### Exercise details
Output every line of the material exactly, omitting images.
── Source material
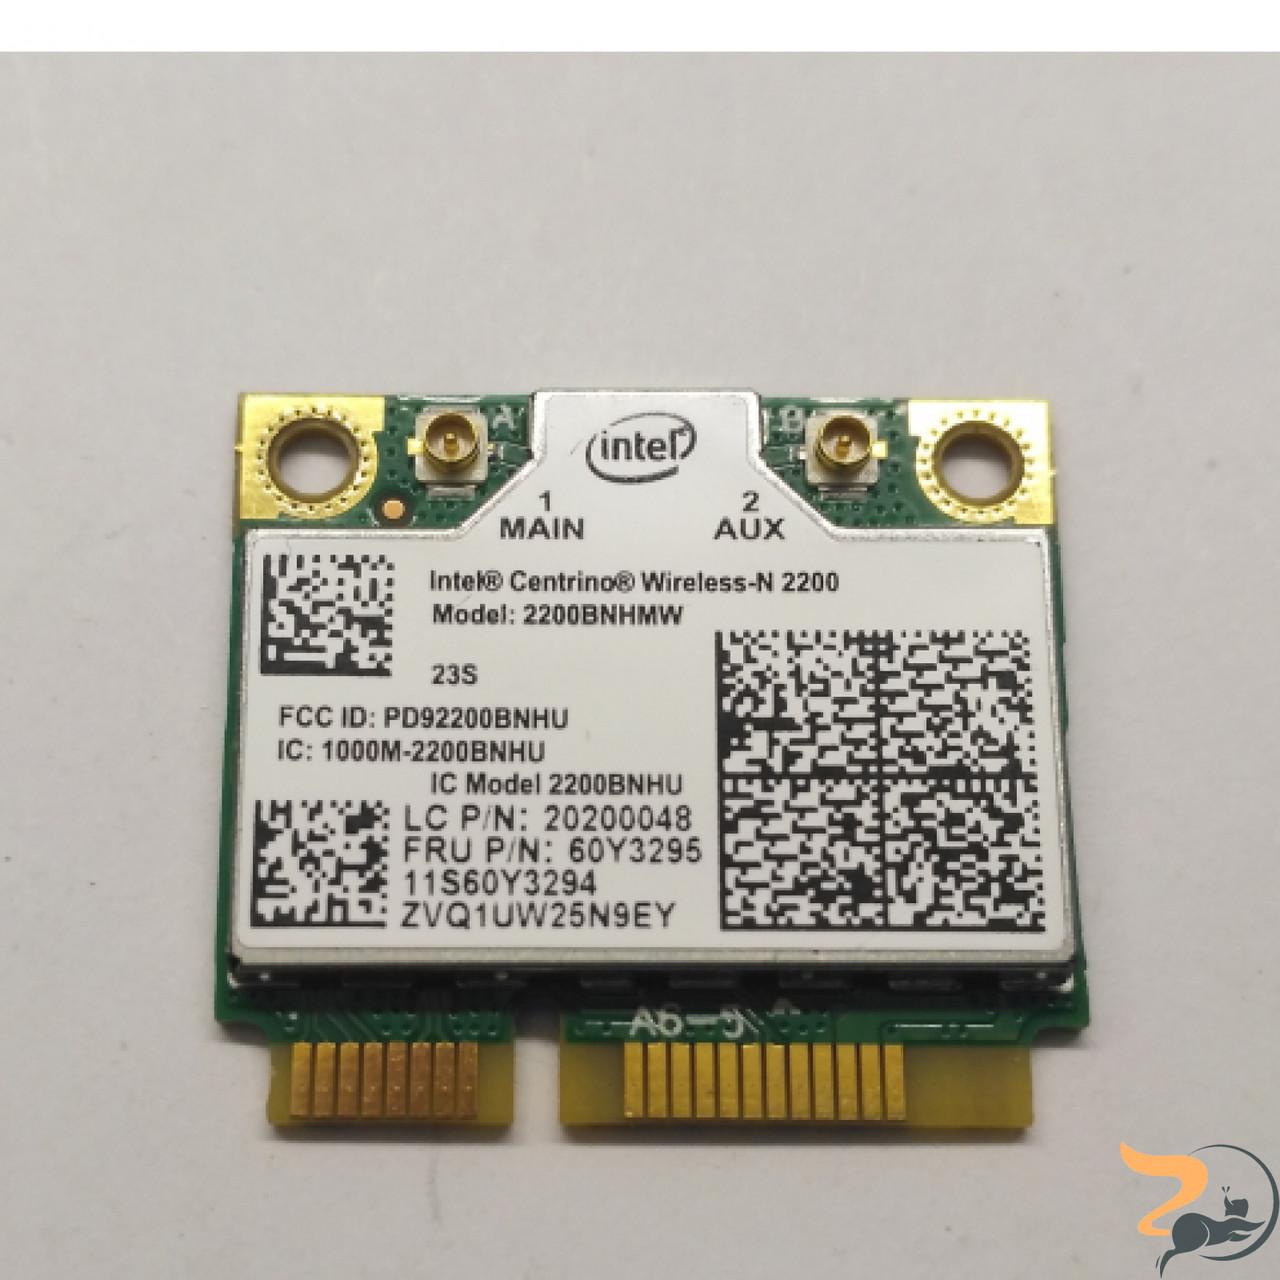 Lenovo ThinkPad S430 Broadcom WLAN Driver for Mac Download
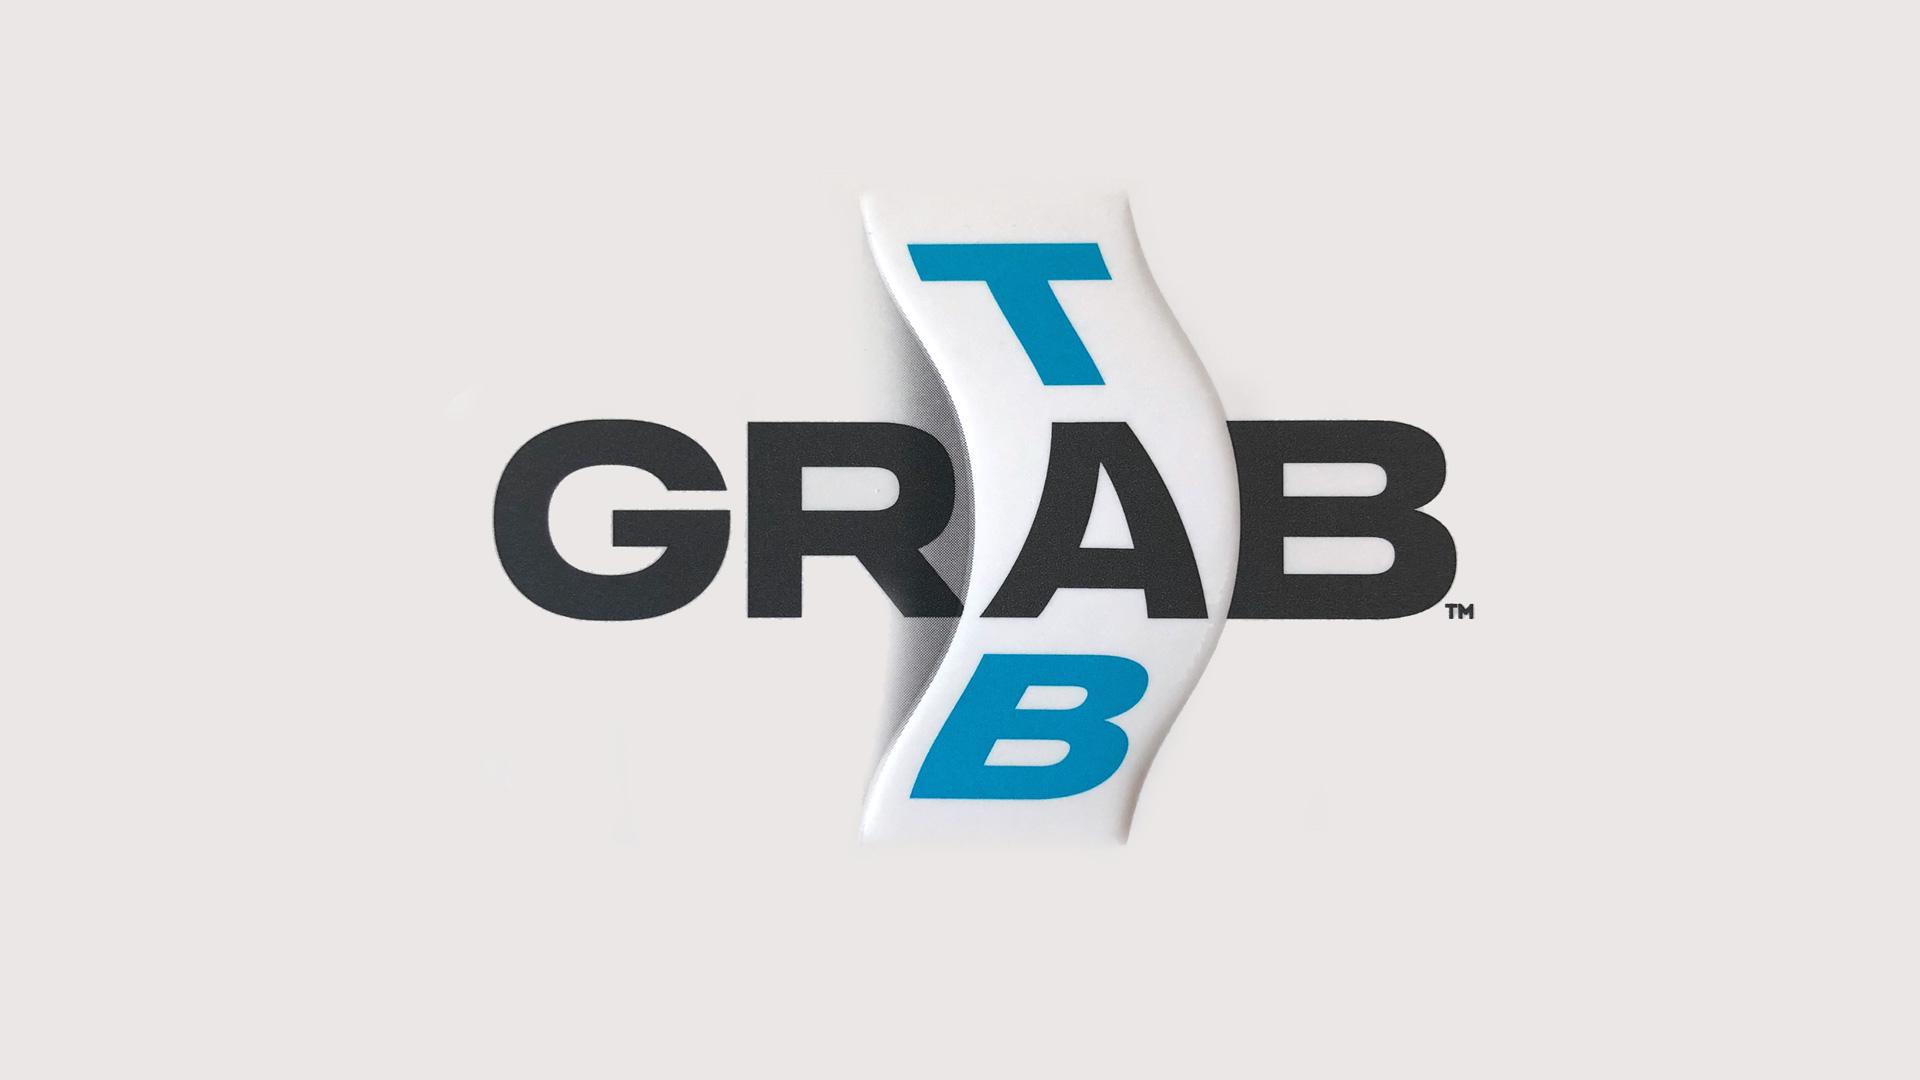 Grabtab_redesign2
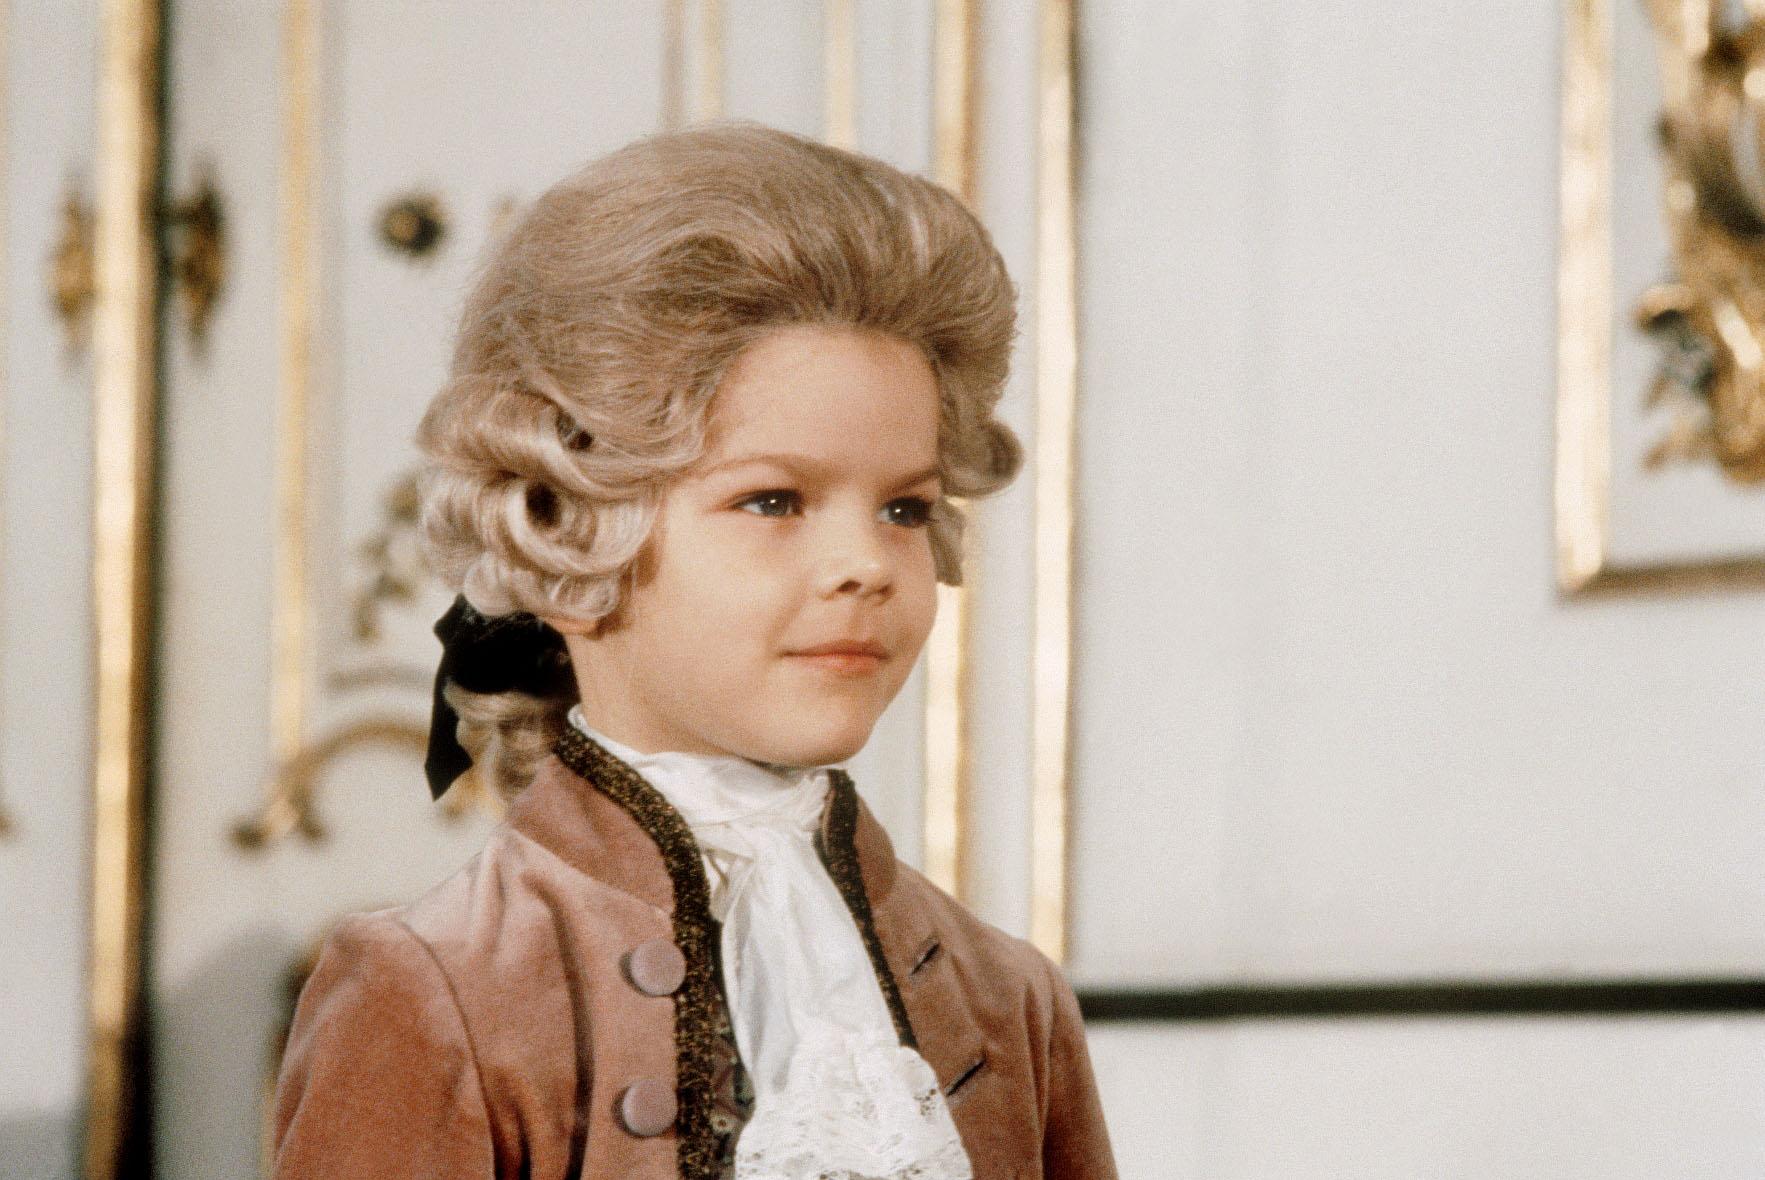 Wolfgang (A. Mozart)
────
### Response for this exercise
 Lenovo ThinkPad S430 Broadcom WLAN Driver for Mac Download
 Grabtab_redesign2
 Wolfgang (A. Mozart)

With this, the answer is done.